Adding a few nuts to your daily diet can help keep the weight off. A long-term observational study has revealed that just half a serving of nuts can lower an individual’s risk of obesity.
According to the researchers, substituting unhealthy foods, such as processed meat or potato chips, with half an ounce of nuts may be an effective strategy to avoid the gradual weight gain that is associated with aging.
American adults gain an average of one pound per year, and weight gain of more than four or five pounds is linked to an elevated risk of heart disease, stroke, and diabetes.
While nuts are rich in healthy unsaturated fats, vitamins, minerals, and fiber, they are also high in calories, which makes them an unlikely choice for weight control. However, the new research suggests that the quality of a food may be more important than its quantity.
The analysis was focused on data from hundreds of thousands of healthcare professionals who had participated in three large previous studies, including the Nurses Health Study (NHS).
The participants were between the ages of 24 and 70 when they first enrolled, and were followed up with for more than 20 years – reporting on weight, physical activity, and diet. Every four years, the individuals were asked how often they had eaten a one-ounce serving of nuts, including peanuts and peanut butter, over the past year.
In all three studies, average nut consumption slowly yet steadily increased. The researchers determined that an increase in the consumption of any type of nut by half a serving a day was associated with a 15-percent lower risk of gradual weight gain and obesity.

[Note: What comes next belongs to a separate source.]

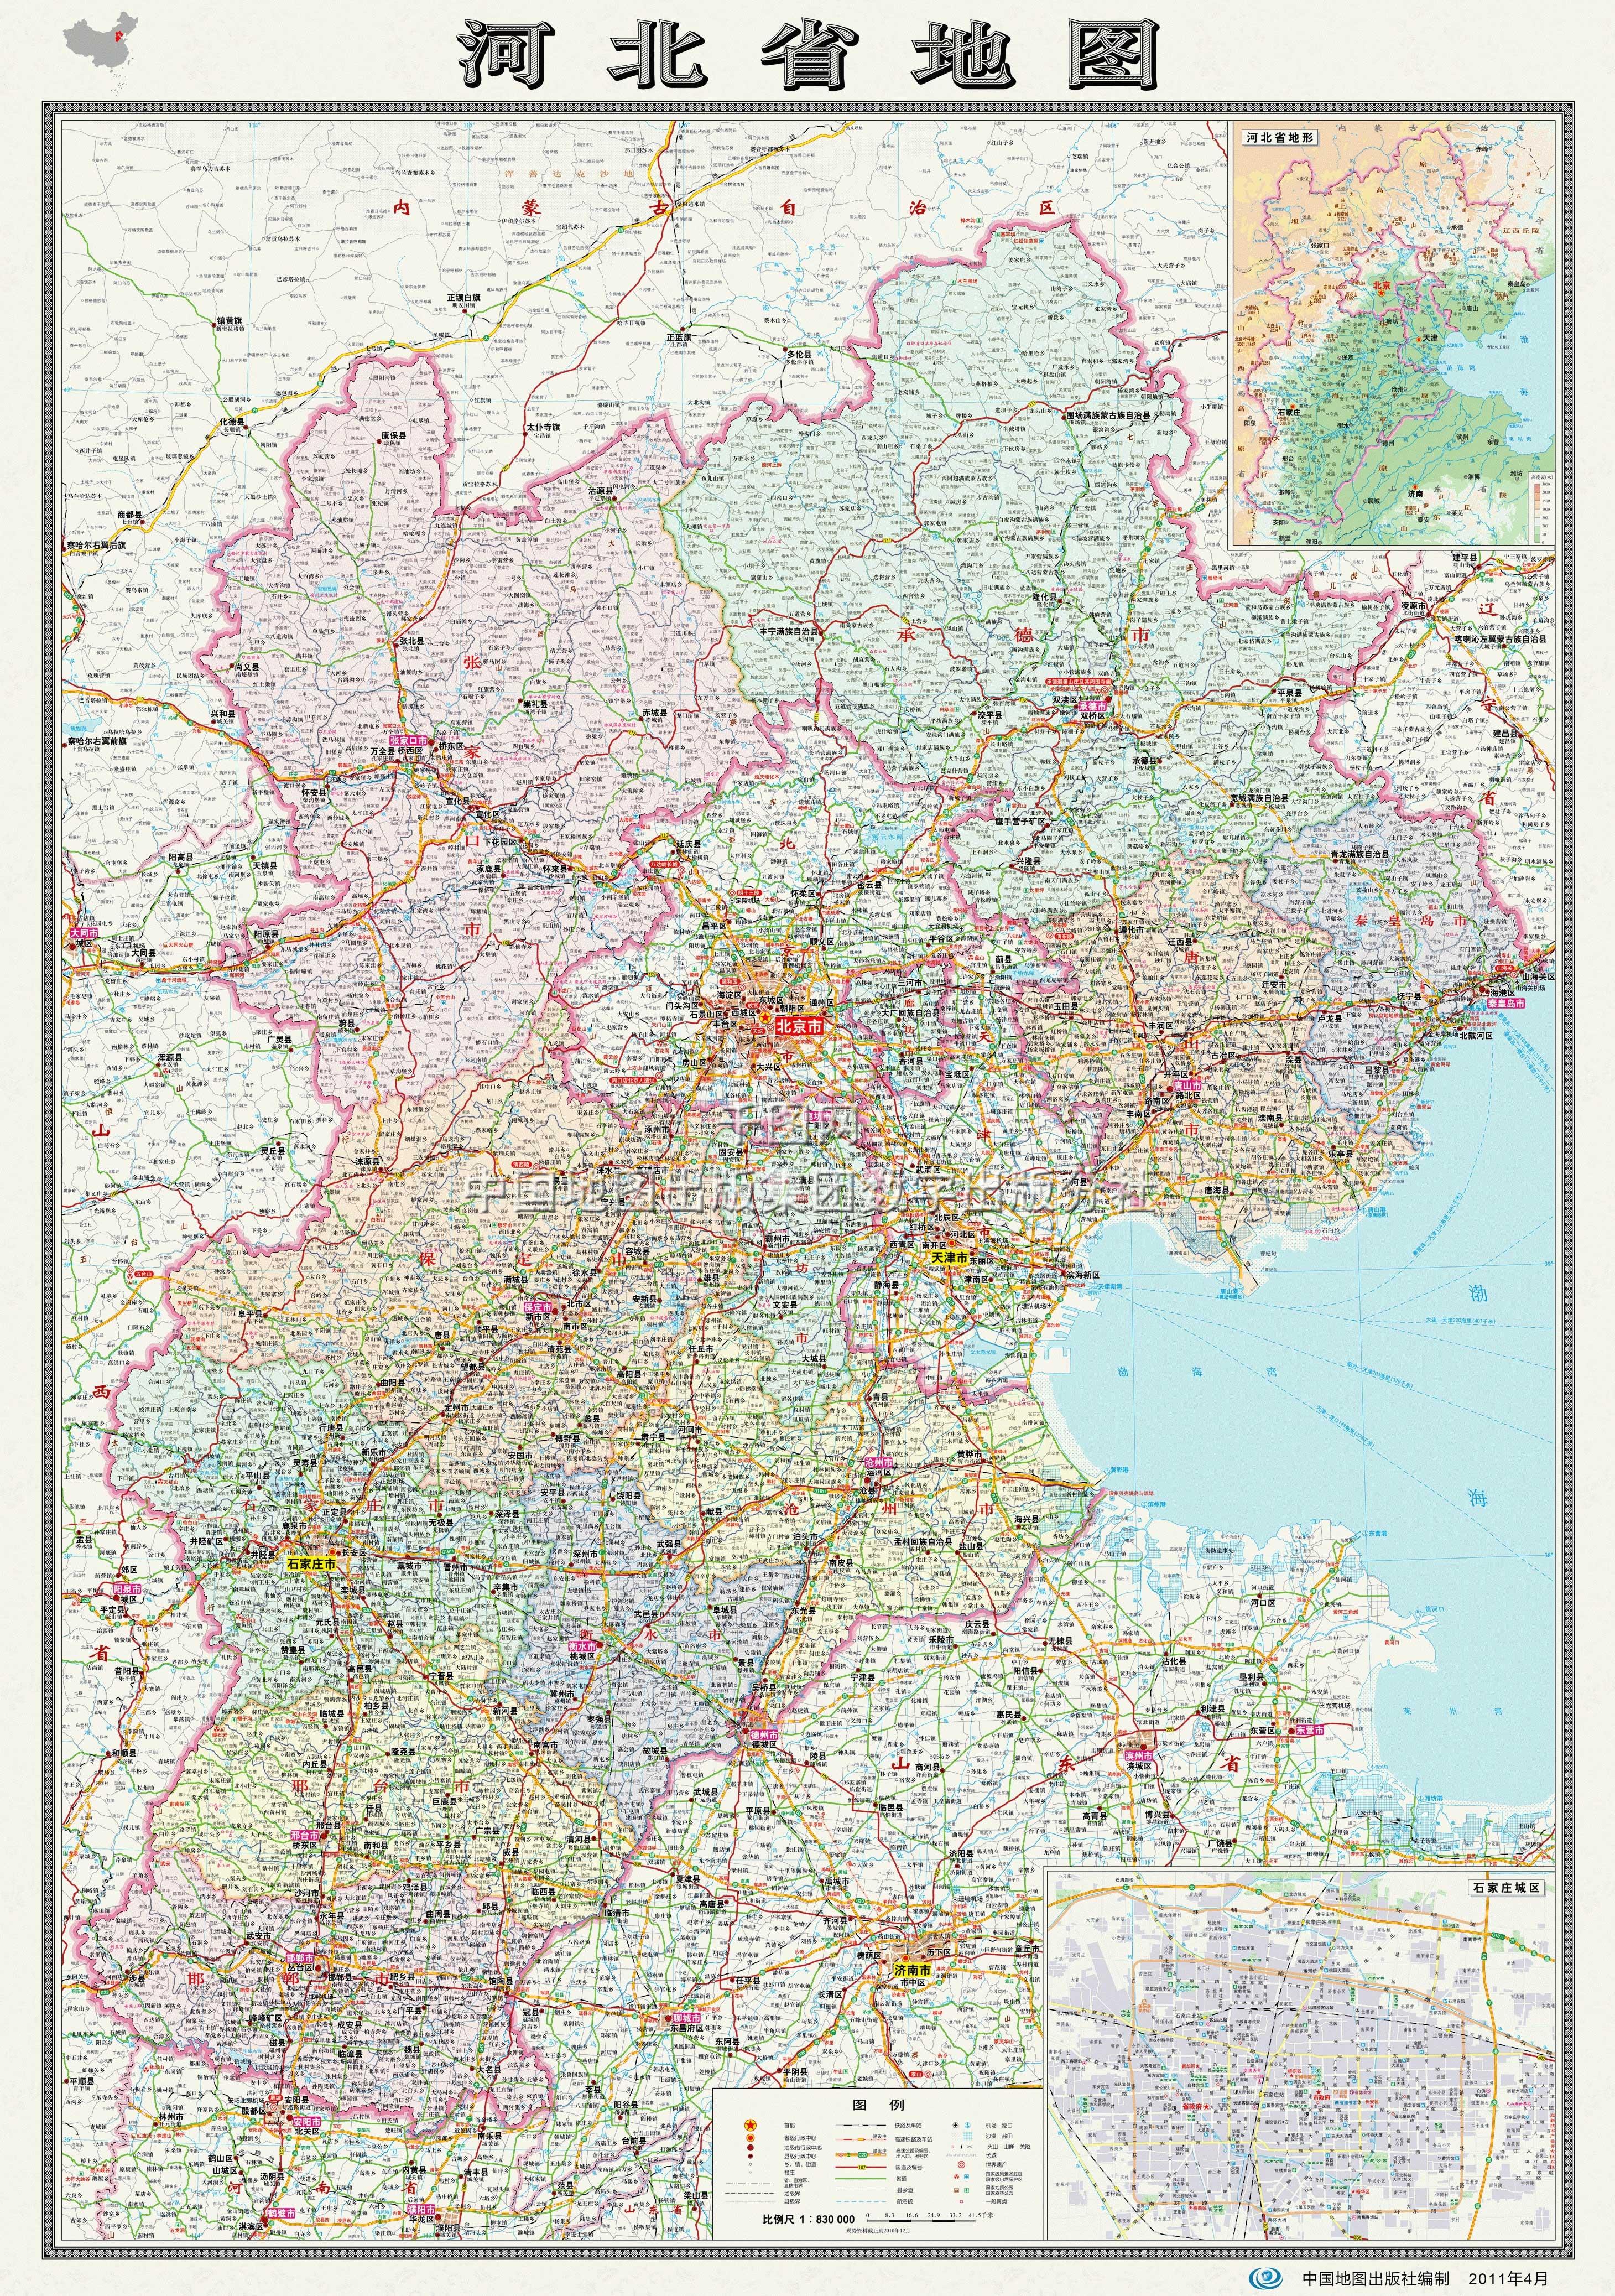 三河市电子地图图片-河北省地形图高清版

Those who consistently increased their nut intake by more than half a serving a day were found to have a 23-percent lower risk of weight gain and obesity.
“In addition to the impact on human health, using environmentally friendly plant-based protein, such as nuts and seeds to replace animal sources of protein may contribute to the promotion of a global sustainable food system,” wrote the study authors.
The study is published in the journal BMJ Nutrition, Prevention & Health.